Isana Q10 Hautstraffende balsam ujędrniający- chciałam go wypróbować dlatego kupiłam małe opakowanie 50 ml. Takie mini produkty można znalezć w Rossmannie, przydają się na wyjazd. Wiem, że nie kupię dużej butli, balsam nie jest zły ale szału też nie ma. Zapach delikatny, świeży tylko w opakowaniu, na skórze pachnie dziwnie, nie podoba mi się. Lubię ładnie pachnące kosmetyki do ciała, cieszę się, że nie wzięłam pełnowymiarowego opakowania.
Essence lakier 93 C'est la Vie z poprzedniego sezonu. Podobał mi się jego kolor, wg mnie koralowo-brzoskwiniowy. Mało zostało w buteleczce i potwornie zgęstniał, pomalowałam nim raz paznokcie i wyrzuciłam, nie lubię gęsty lakierów bo się ciągną, takie malowanie mnie irytuje.
Be Beauty fluid matujący często używałam i szybko się skończył. Całkiem przyzwoity jak na takie małe pieniądze, bardzo przypomina podkłady Lirene, konsystencja, zapach i skład bardzo podobny. Dziewczyny i pisały że produkuje je właśnie firma Lirene.
Ziaja krem do rąk kozie mleko- miałam już wiele razy, bardzo lubię kremy Ziaja i często do nich wracam.
Golden Rose tusz do rzęs był moim ulubionym z całej trójeczki jaką miałam. Zagęszczał, podkręcał i wydłużał rzęsy.

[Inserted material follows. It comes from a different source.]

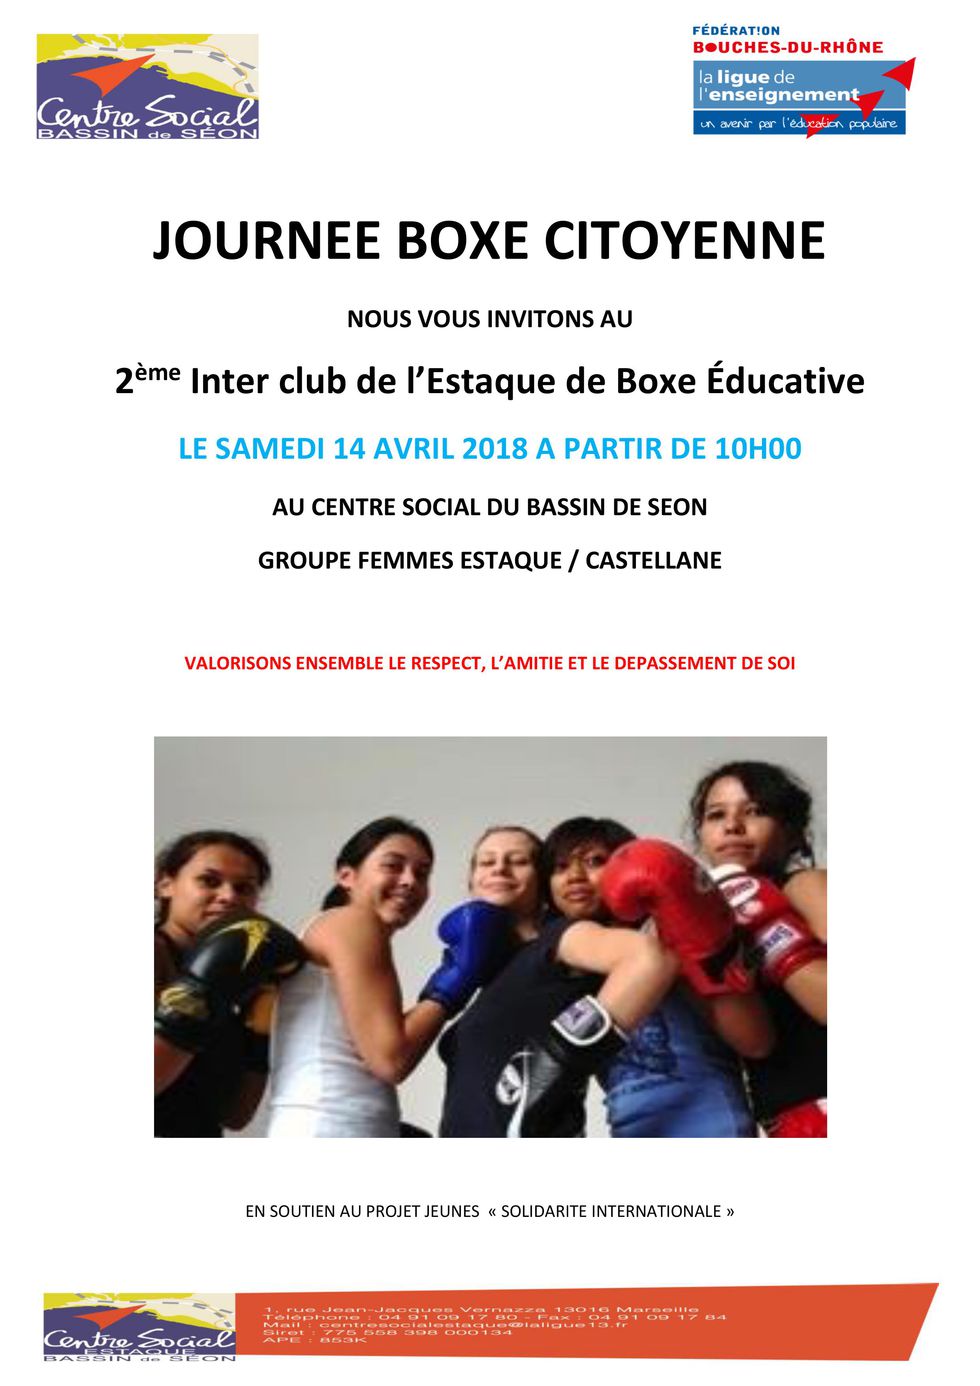 JOURNEE BOXE CITOYENNE FEMMES 2018

Green Pharmacy olejek drzewo herbaciane jak dla mnie rewelacja! Cudownie, świeżo pachnie, doskonale nawilża. Nie daje moim włosom takiego połysku jak Amla ale byłam zadowolona. Mam w łazience olejek Alterra jeśli będzie niewystarczający to kupię ponownie jakiś olej z tej firmy.
Flos Lek żel pod oczy z aloesem ma działanie rozgrzewające. Lubię tych żeli używać rano na opuchnięte powieki i na wory pod oczami.

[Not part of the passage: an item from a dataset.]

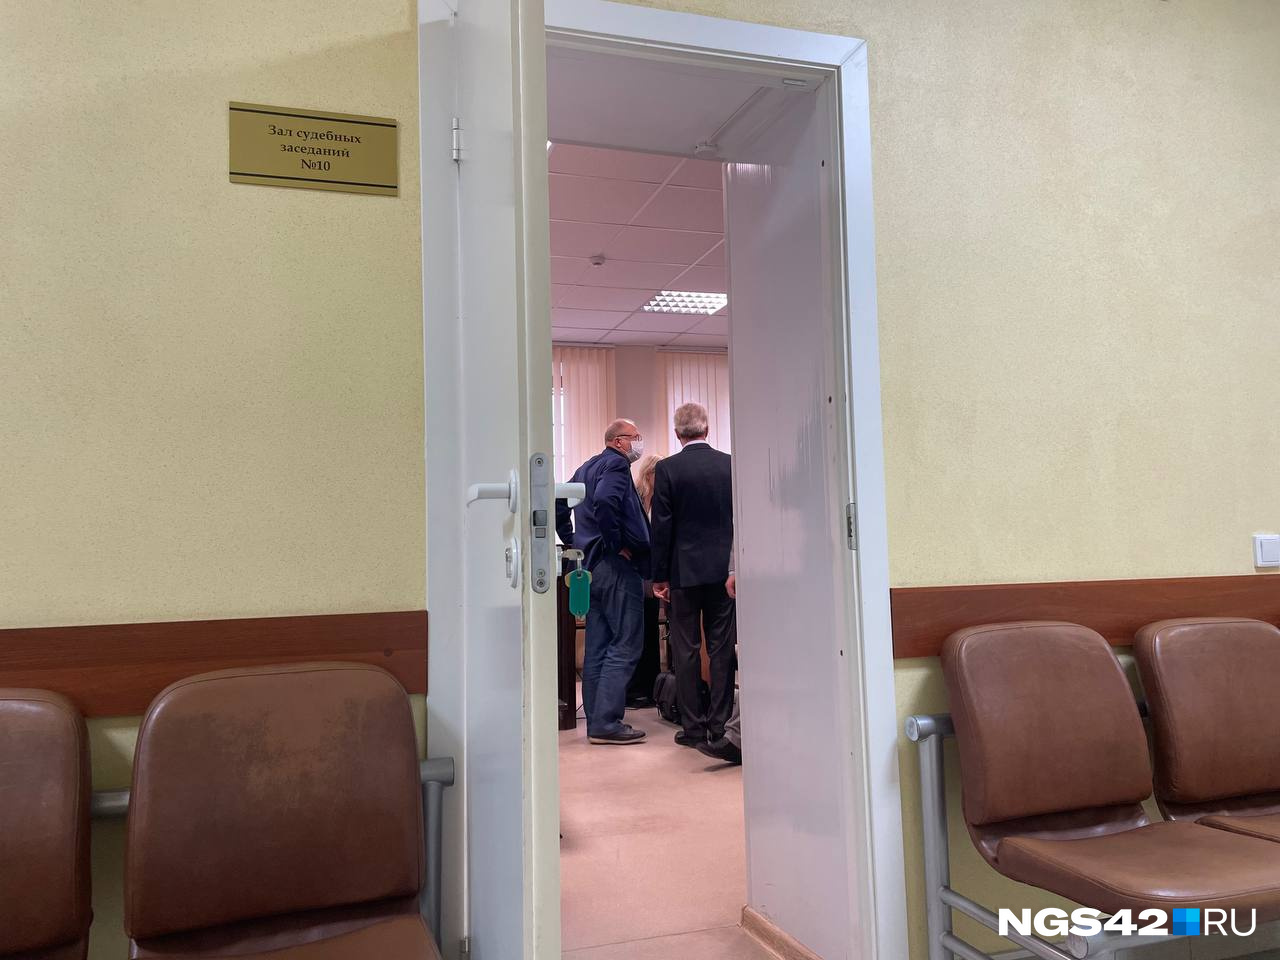 Федяев зашел в зал суда. Пока общается со своими адвокатами

Superdrug maseczki w saszetkach podarowała mi Simply. Jestem z nich zadowolona i mam spory zapas :)
Synergen puder z Rossamnna bardzo mi służy. Miałam już wiele opakowań. Polecam!
FM kredka wodoodporna do oczu- jak dla mnie kapitalna! Uwielbiam je latem używać, nigdy się nie rozmazują, nawet podczas upałów.
Tricanel krem na trądzik- jestem mu wierna bo to świetny kosmetyk, oczyszcza skórę i działa przeciwzmarszczkowo. Recenzja już była klik
Bielenda Vanity kolejny krem do depilacji, po prostu lubię. Szkoda że nie wszędzie można kupić.
Be Beauty płyn micelarny to już znany produkt, skuteczny. Został wycofany ale nie panikuję, równie dobry jest Bourjois i Oeparol.
Isana męski żel do włosów mogę śmiało polecić wszystkim kręconowłosym, nie zawiera alkoholu, ładnie podkreśla skręt nie tworząc mocnych sucharów, idealnie się odgniata i nie wysusza włosów.
FM zapach 239
Świeży, kwiatowy, intensywny, trzyma się na skórze około 6 godzin. Szkoda że występuje tylko w malutkich buteleczkach po 15 ml.
Matrix maska do włosów- robiłam recenzję ze zdjęciami włosów KLIK. Byłam bardzo zadowolona, nie obciąża i podkreśla skręt włosów.
Isana żel pod prysznic o zapachu jogurtu i pomarańczy- przyjemny, żel jak żel, lubię zmieniać :)
spore zużycie - Anthelios to mój letni "must have" nie wychodzę z domu, nie mając go na twarzy
OdpowiedzUsuńBardzo fajne denko, też uwielbiam olejki GP, teraz kończy mi się ten z czerwoną papryczką chili, też jestem zadowolona, żele z Isany też często u mnie goszczą, tak jak i puder Synergen - to mój zdecydowany ulubieniec, no i co z tym micelem z Biedry, u mnie dzisiaj jak byłam to świeża dostawa normalnie, pełno go było ;)Może jednak nie wycofują?
OdpowiedzUsuńZapraszam na moje czerwcowe denko ;)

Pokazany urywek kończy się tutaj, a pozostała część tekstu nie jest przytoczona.